[developers] [lkb] Parsing rich data with LKB

Sun Mar 21 13:42:24 CET 2010

I wouldn't go down that road.

I would use the LKB with a PET backend for parsing.  PET now has
a "chartmapping" lattice-rewriting frontend which supports arbitrary
features to be injected into lexically instantiated feature structures
via an XML format.

You'd have to do a fair amount of programming to get that to work.
I believe Peter Adolphs is the person you want to talk to about that.

I'm forwarding this to the developers list, on the off chance that
the relevant people may not be reading the LKB list.

Richard

On Saturday 20 March 2010 19:28:24 Glenn Slayden wrote:
> I'm certainly no expert on the LKB, but only two approaches come to my
> mind. Both are hacky.
>
> 1. you could attach your metadata to lemmas as coded suffixes, and then use
> the morphological features of the LKB to map these into the appropriate
> feature structures.

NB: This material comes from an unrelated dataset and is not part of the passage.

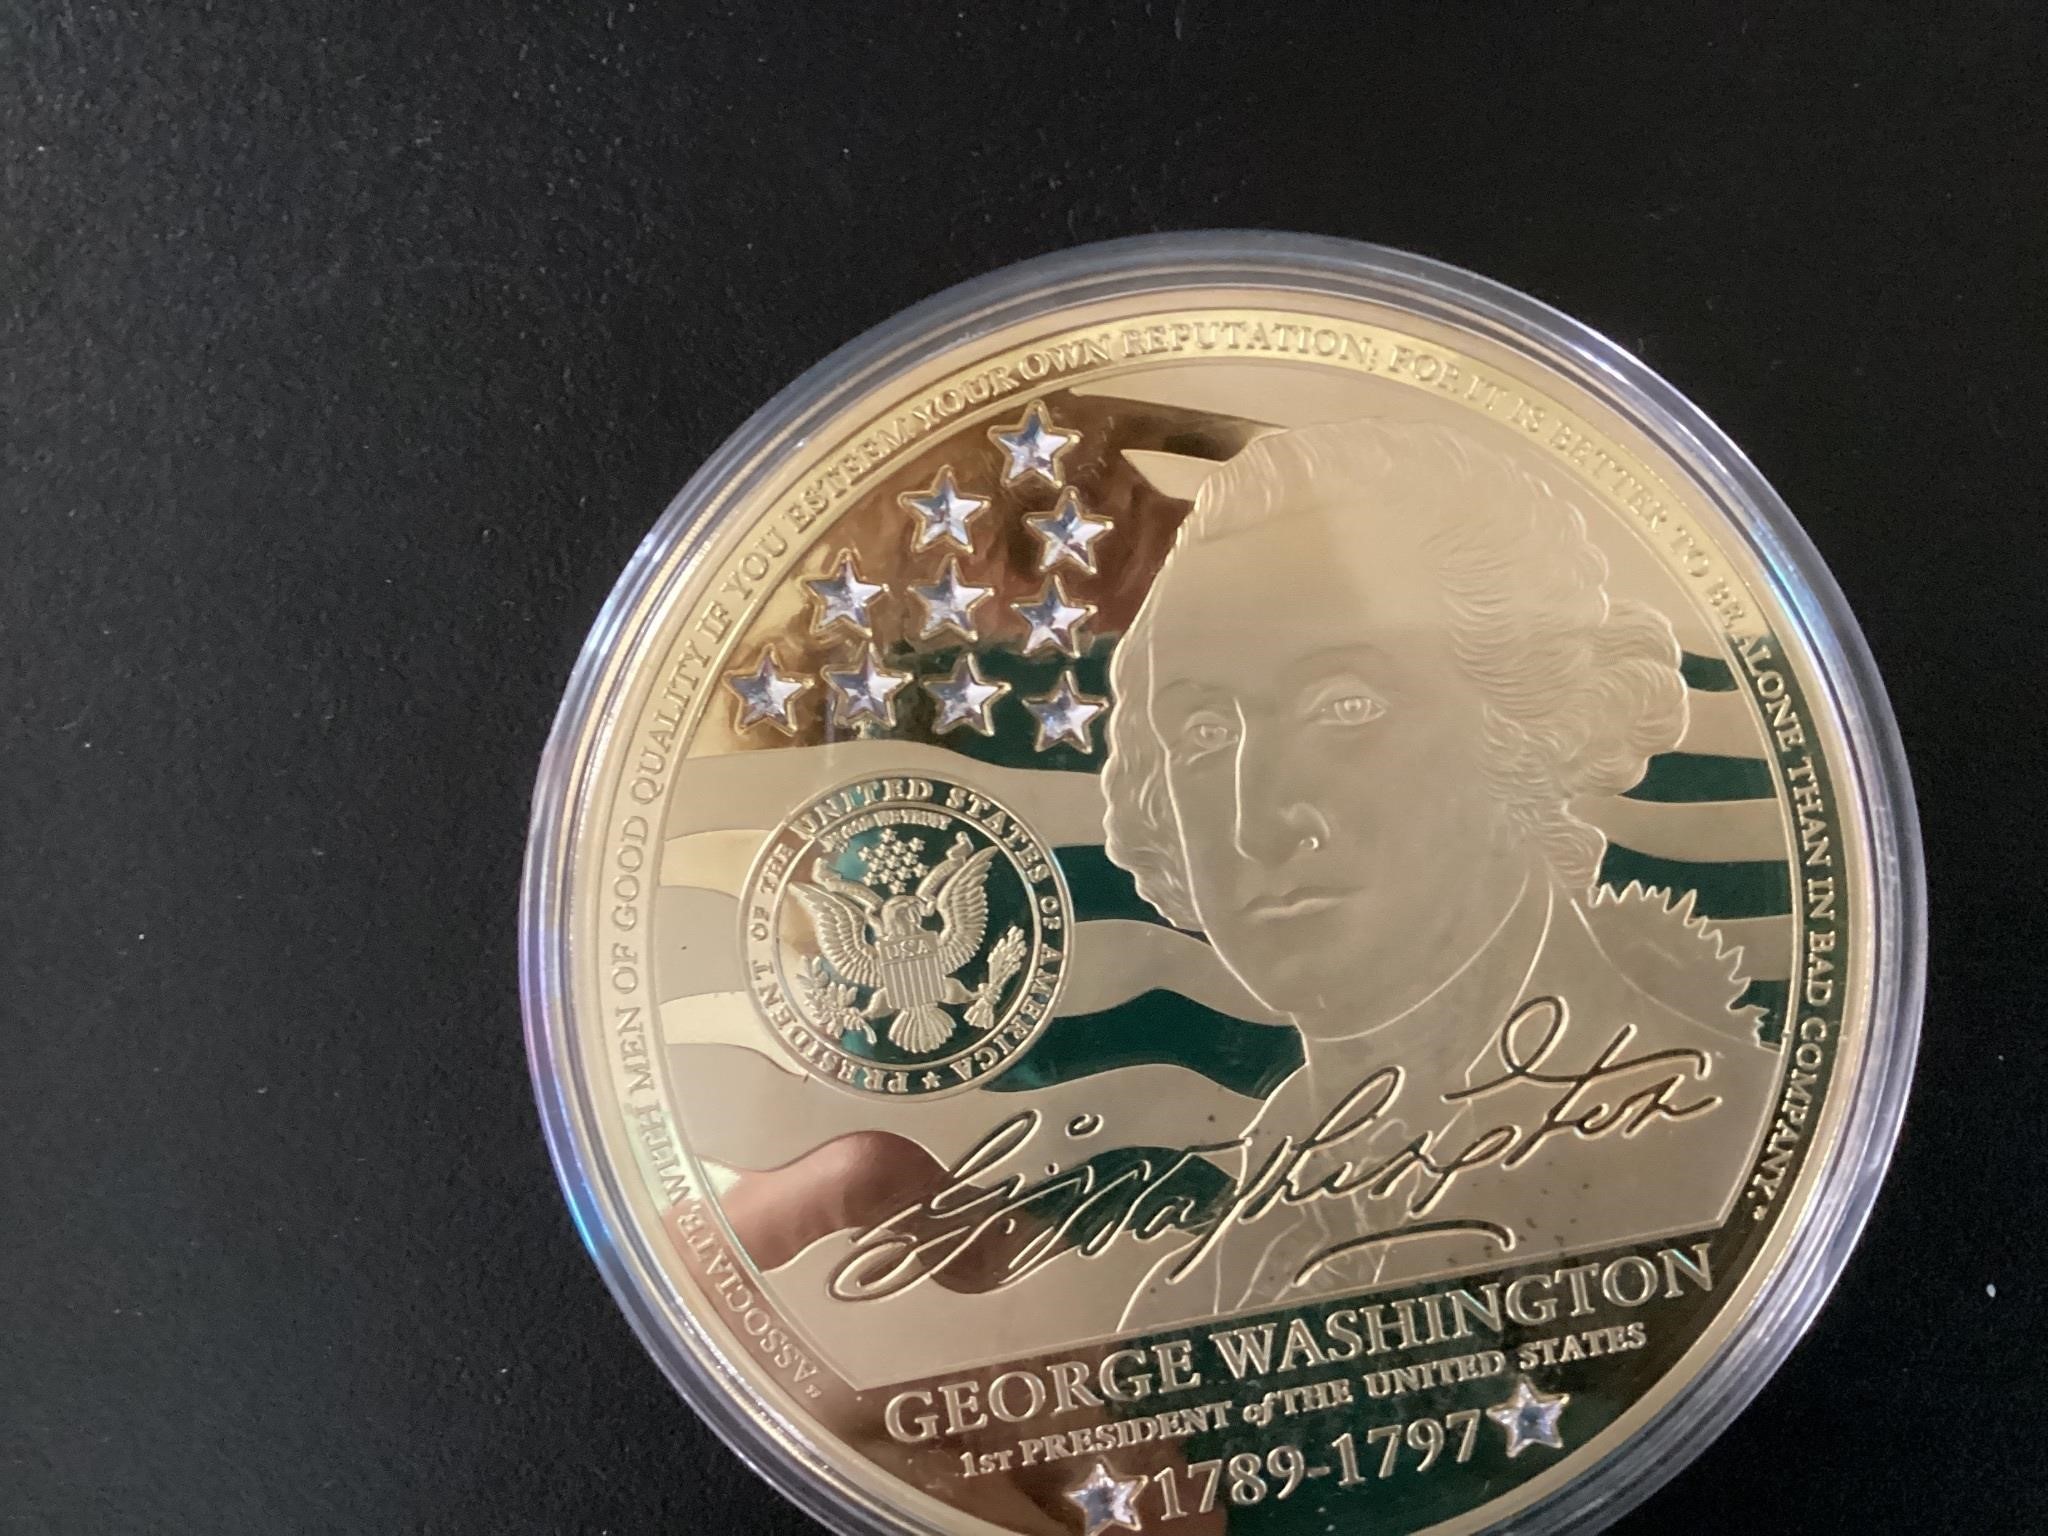 4” 24K GOLD PLATED GEORGE WASHINGTON MEDAL

This approach would allow you to use a static grammar
> to parse unseen sentences, as you probably want.
>
> 2. you could programmatically generate TDL with the feature structures for
> a particular input, and then load that as part of a "grammar" which is a
> grammar that is specific for parsing that one input.
>
> Best,
>
> Glenn
>
> -----Original Message-----
> From: lkb-bounces at emmtee.net [mailto:lkb-bounces at emmtee.net] On Behalf Of
> Katya Alahverdzhieva
> Sent: Wednesday, March 17, 2010 6:48 AM
> To: lkb at delph-in.net
> Subject: [lkb] Parsing rich data with LKB
>
> Dear LKB people,
>
> How would you go about using LKB to parse data that is richer than just
> text, and also to define temporal constraints? How do I parse data which
> comes not as a stream of tokens, but as a list of feature structures?
>
> I have a corpus of transcriptions of spoken text, annotated with gesture
> and prosody information, including the time of their performance. I'm
> trying to write a grammar in LKB whose rules take into account the
> timestamps, the pitch accents and the gestures represented as sets of
> feature-values.
>
> For instance, I need to somehow capture in my grammar rules the notion
> of temporal overlap, i.e., whether a gesture is happening at the same
> time as a word/sequence of words. Also, I am trying to parse richer data
> where words are not just tokens, but whole feature structures
> (containing prosody, timestamps and gesture description).
>
> In practical terms, what would everyone's recommended approach be to
> parsing structured data like this and to comparing temporal
> performances? Are there plugins or such software for this? Does anyone
> know of any examples that I could look at to examine how it's done?
>
> Thanks in advance for any hints!
>
> Cheers
> Katya